• Instructions for the task: Below are records with pictures in them. Transcribe everything from the line containing "No impact man movie advertisement" down to the line containing "Alumni Meet in Aizawl on 6th July 2022", exactly, and leave the pictures behind.

*** Dataset content ***

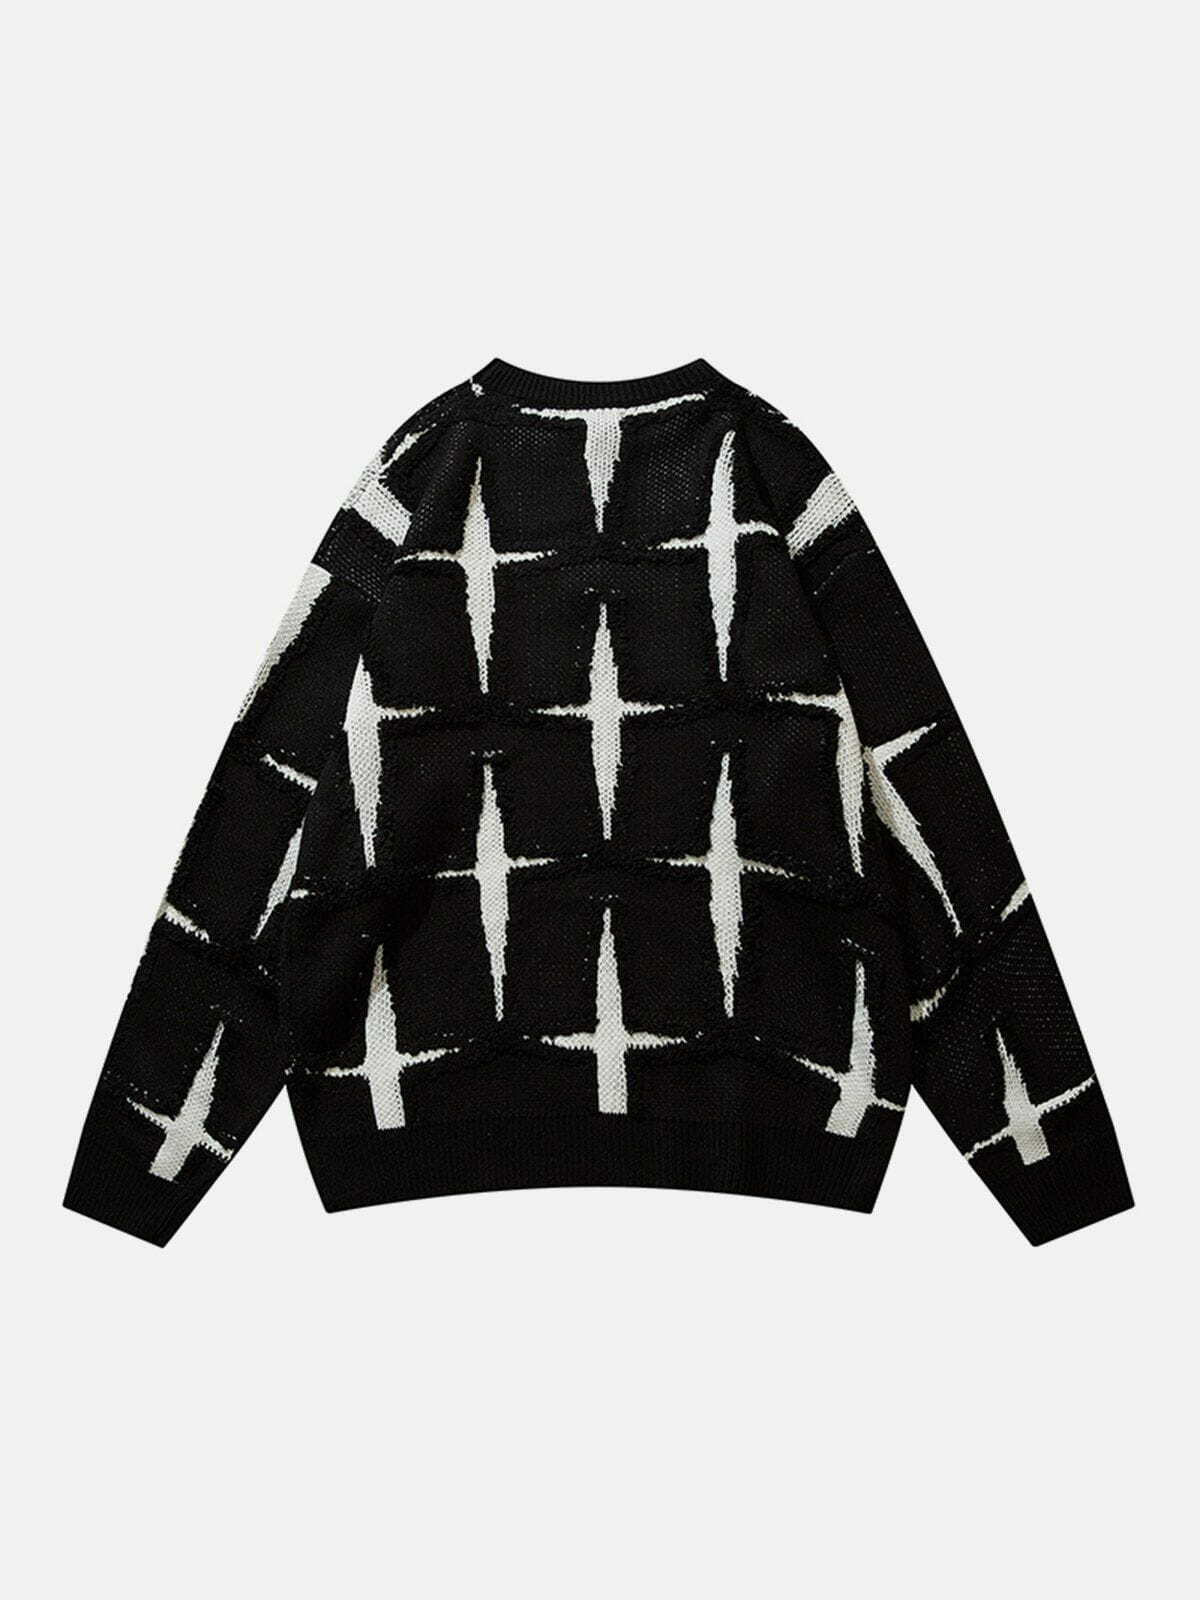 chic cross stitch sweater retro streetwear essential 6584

*** End of Dataset content ***
*** Dataset content ***

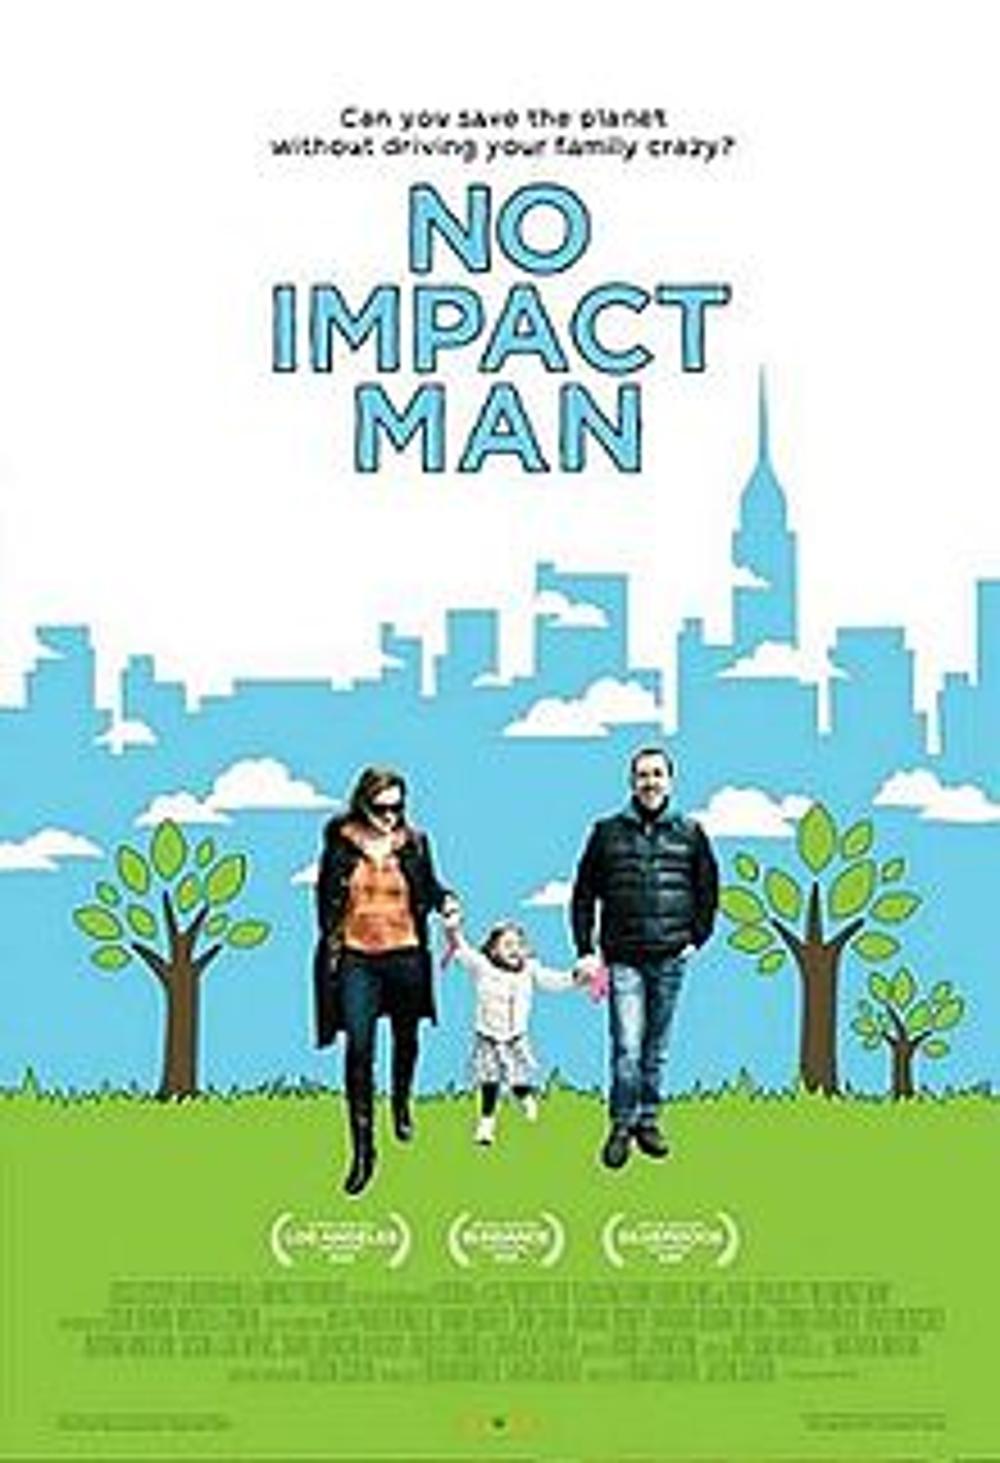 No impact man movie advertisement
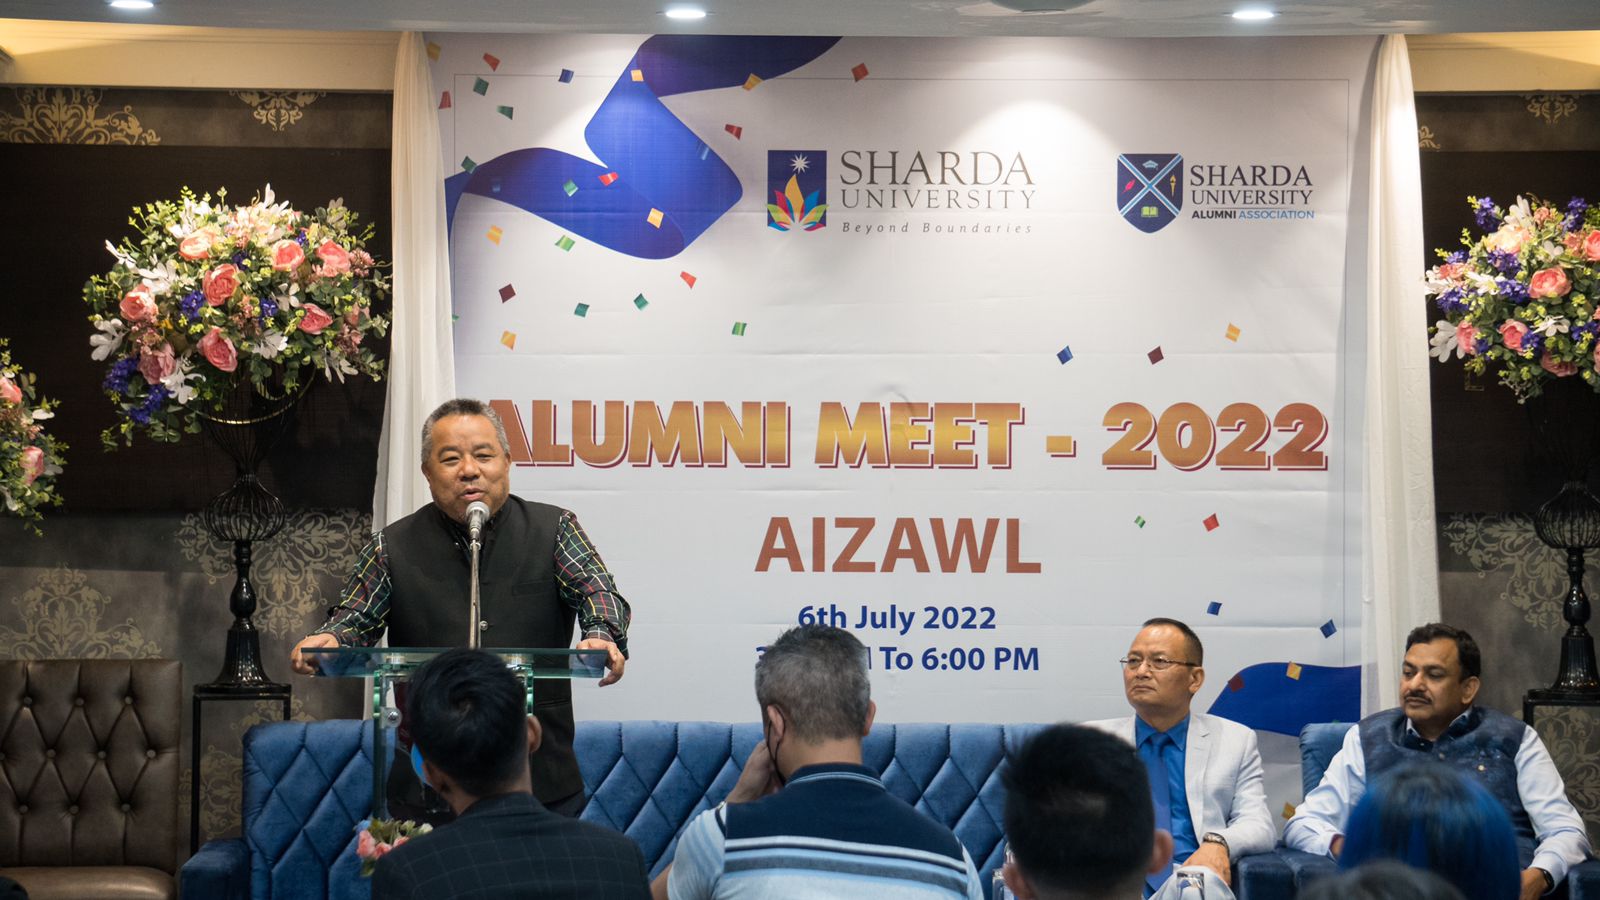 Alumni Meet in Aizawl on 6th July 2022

*** End of Dataset content ***
*** Dataset content ***

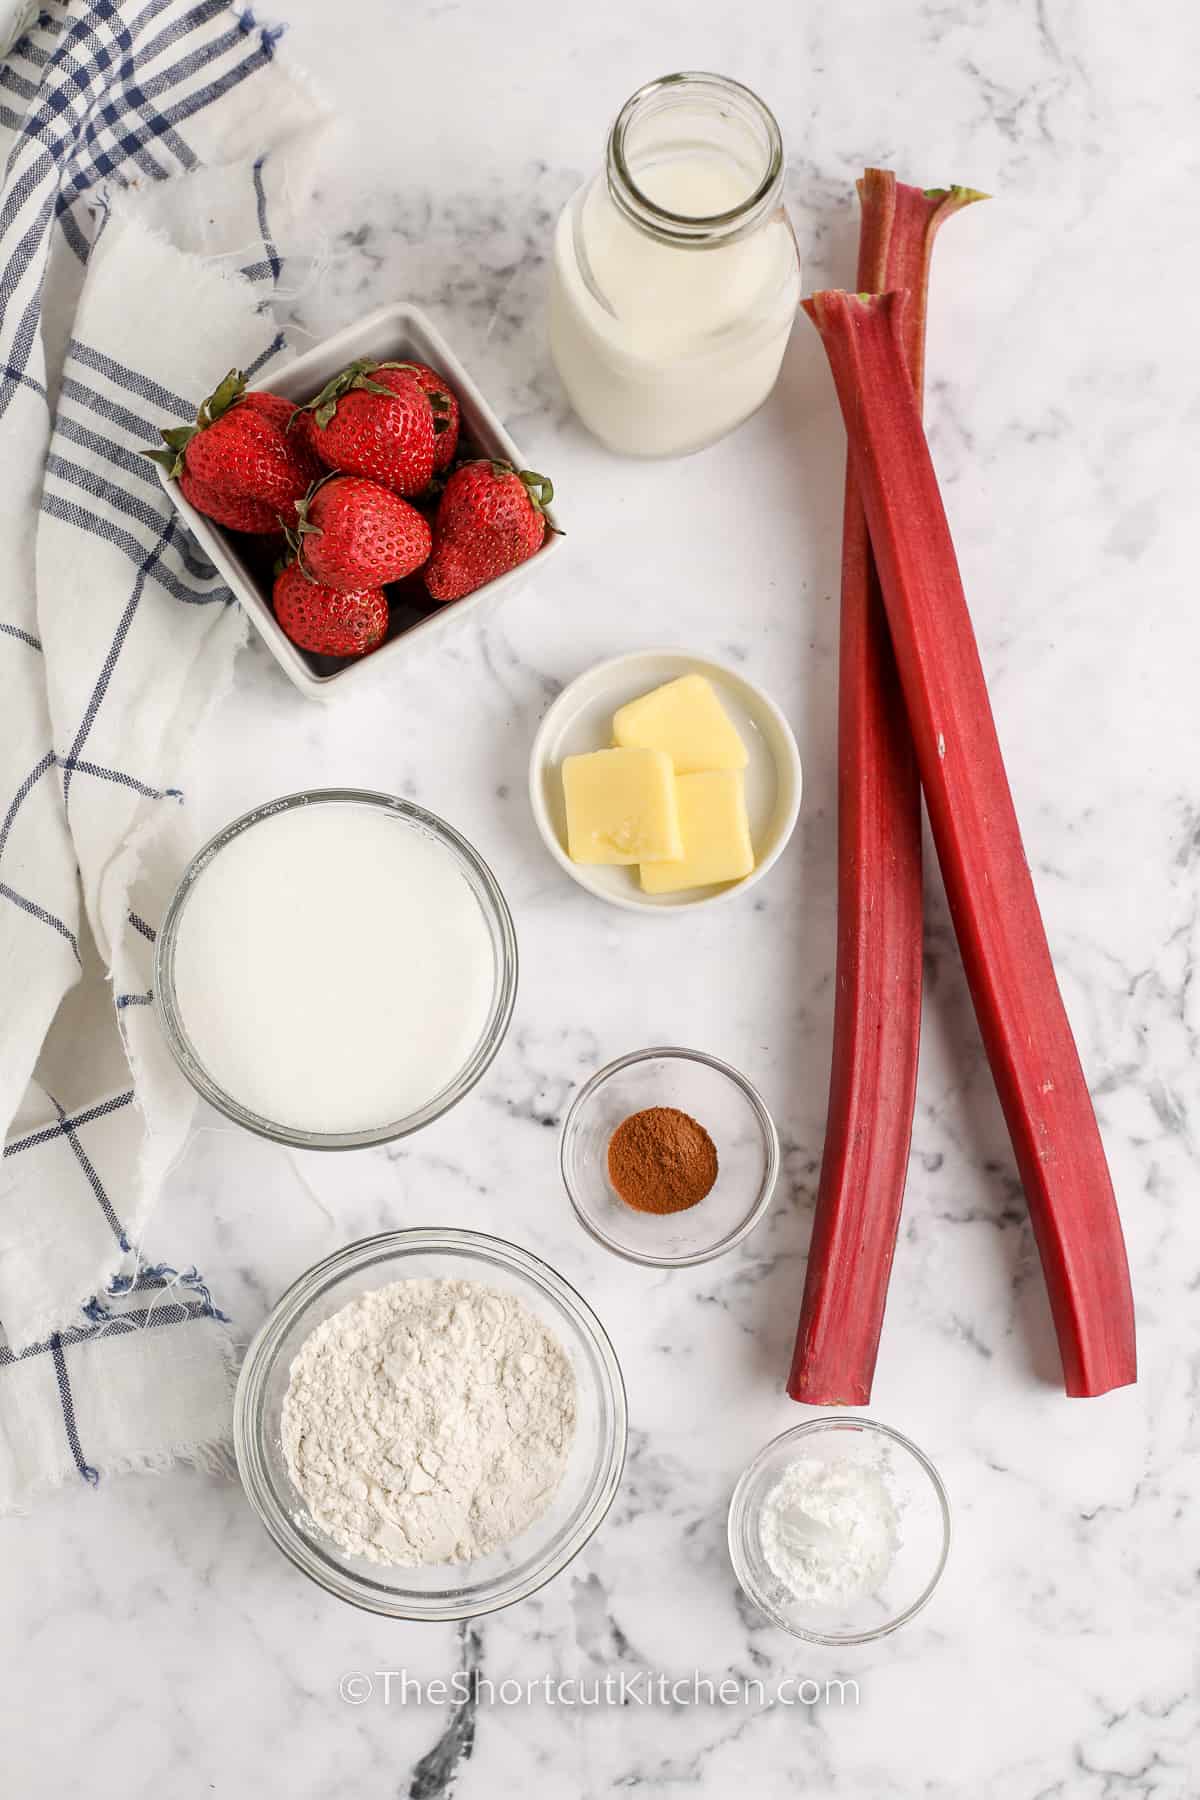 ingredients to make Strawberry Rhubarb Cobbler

*** End of Dataset content ***

• Result of this task:
 No impact man movie advertisement
 Alumni Meet in Aizawl on 6th July 2022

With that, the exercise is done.